Synergistic interactions between two distinct elements of a regulated splicing enhancer.

Regulated alternative splicing of doublesex (dsx) pre-mRNA requires a splicing enhancer designated the dsx repeat element (dsxRE) that contains six copies of a 13-nucleotide repeat sequence. Previous studies have shown that the activity of the dsxRE requires the splicing regulators Transformer (Tra) and Transformer 2 (Tra2), and one or more members of the SR family of general splicing factors. In this paper we identify a purine-rich enhancer (PRE) sequence within the dsxRE, and show that this element functionally synergizes with the repeat sequences. In vitro binding studies show that the PRE is required for specific binding of Tra2 to the dsxRE, and that Tra and SR proteins bind cooperatively to the dsxRE in the presence or absence of the PRE. Thus positive control of dsx pre-mRNA splicing requires the Tra- and Tra2-dependent assembly of a multiprotein complex on at least two distinct enhancer elements.

Sex-specific processing of the Drosophila exuperantia transcript is regulated in male germ cells by the tra-2 gene.
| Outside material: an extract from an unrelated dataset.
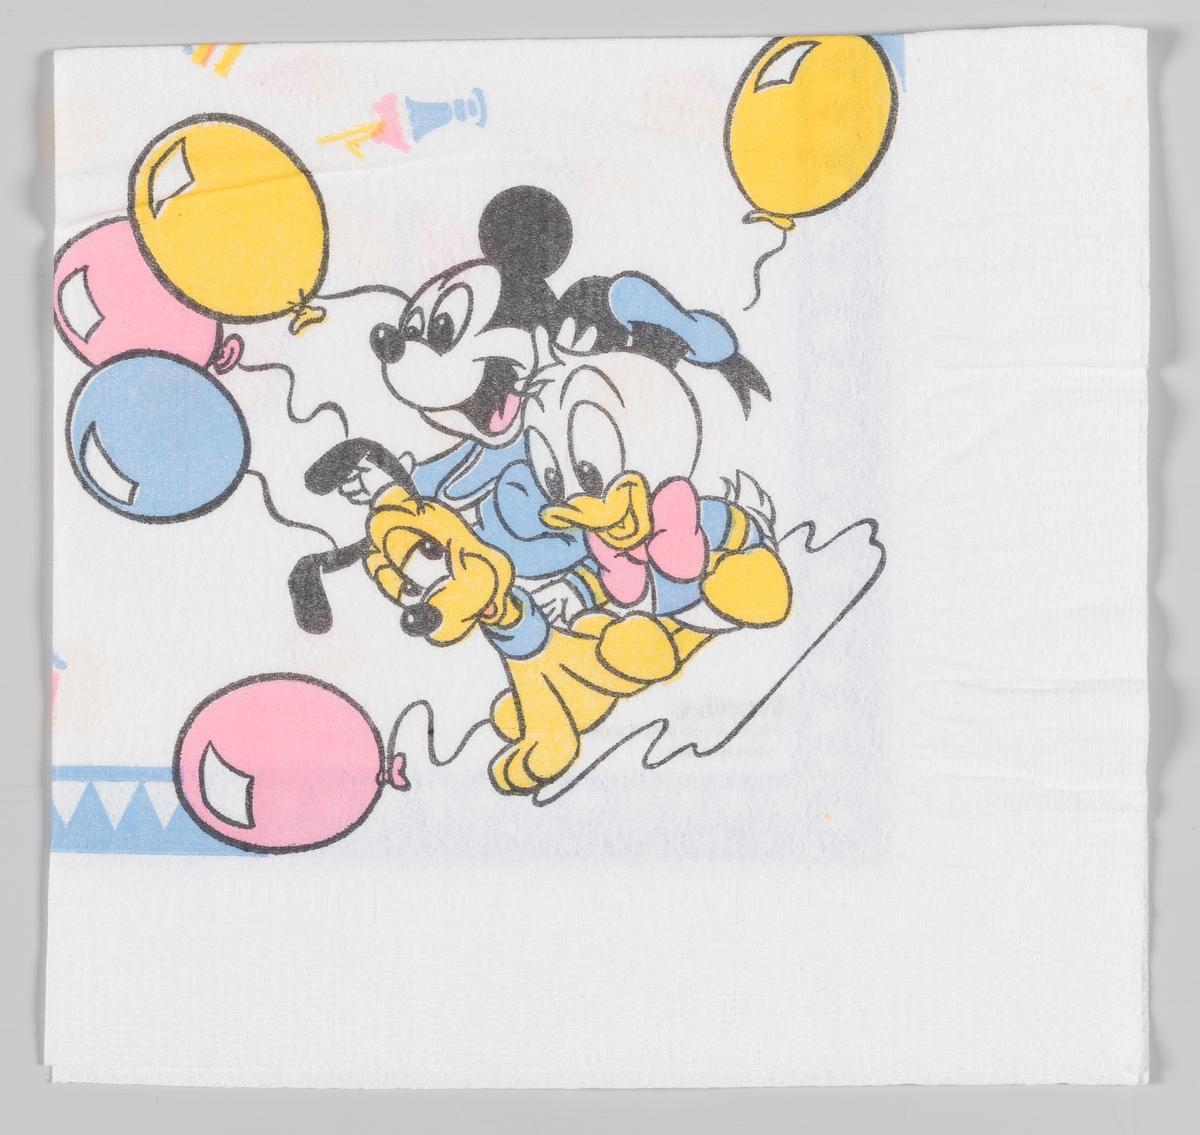 Baby Mikke Mus, baby Donald Duck og valpen Pluto sitter smilende mellom ballonger

The Drosophila exuperantia (exu) gene encodes overlapping sex-specific, germline-dependent mRNAs. In this work, the structural differences between these sex-specific exu mRNAs were determined by sequence analysis of 9 ovary and 10 testis cDNAs. The transformer 2 (tra-2) gene functions in sex determination of female somatic cells through its role in regulating female-specific splicing of doublesex (dsx) RNA. We report here that tra-2 is required in male germ cells for efficient male-specific processing of exu RNA; in the absence of tra-2, X/Y males produce a new mRNA which is processed at its 3' end so that it contains sequences normally specific to the female 3' untranslated region. Although the processing event that requires tra-2 occurs in an untranslated region of the exu transcript, the isolation and characterization of a male-specific exu allele which deletes male 3' untranslated sequence indicate that this processing is biologically significant.

Positive control of pre-mRNA splicing in vitro.

Positive control of the sex-specific alternative splicing of doublesex (dsx) precursor messenger RNA (pre-mRNA) in Drosophila melanogaster involves the activation of a female-specific 3' splice site by the products of the transformer (tra) and transformer-2 (tra-2) genes. The mechanisms of this process were investigated in an in vitro system in which the female-specific 3' splice site could be activated by recombinant Tra or Tra-2 (or both). An exon sequence essential for regulation in vivo was shown to be both necessary and sufficient for activation in vitro. Nuclear proteins in addition to Tra and Tra-2 were found to bind specifically to this exon sequence. Therefore, Tra and Tra-2 may act by promoting the assembly of a multiprotein complex on the exon sequence. This complex may facilitate recognition of the adjacent 3' splice site by the splicing machinery.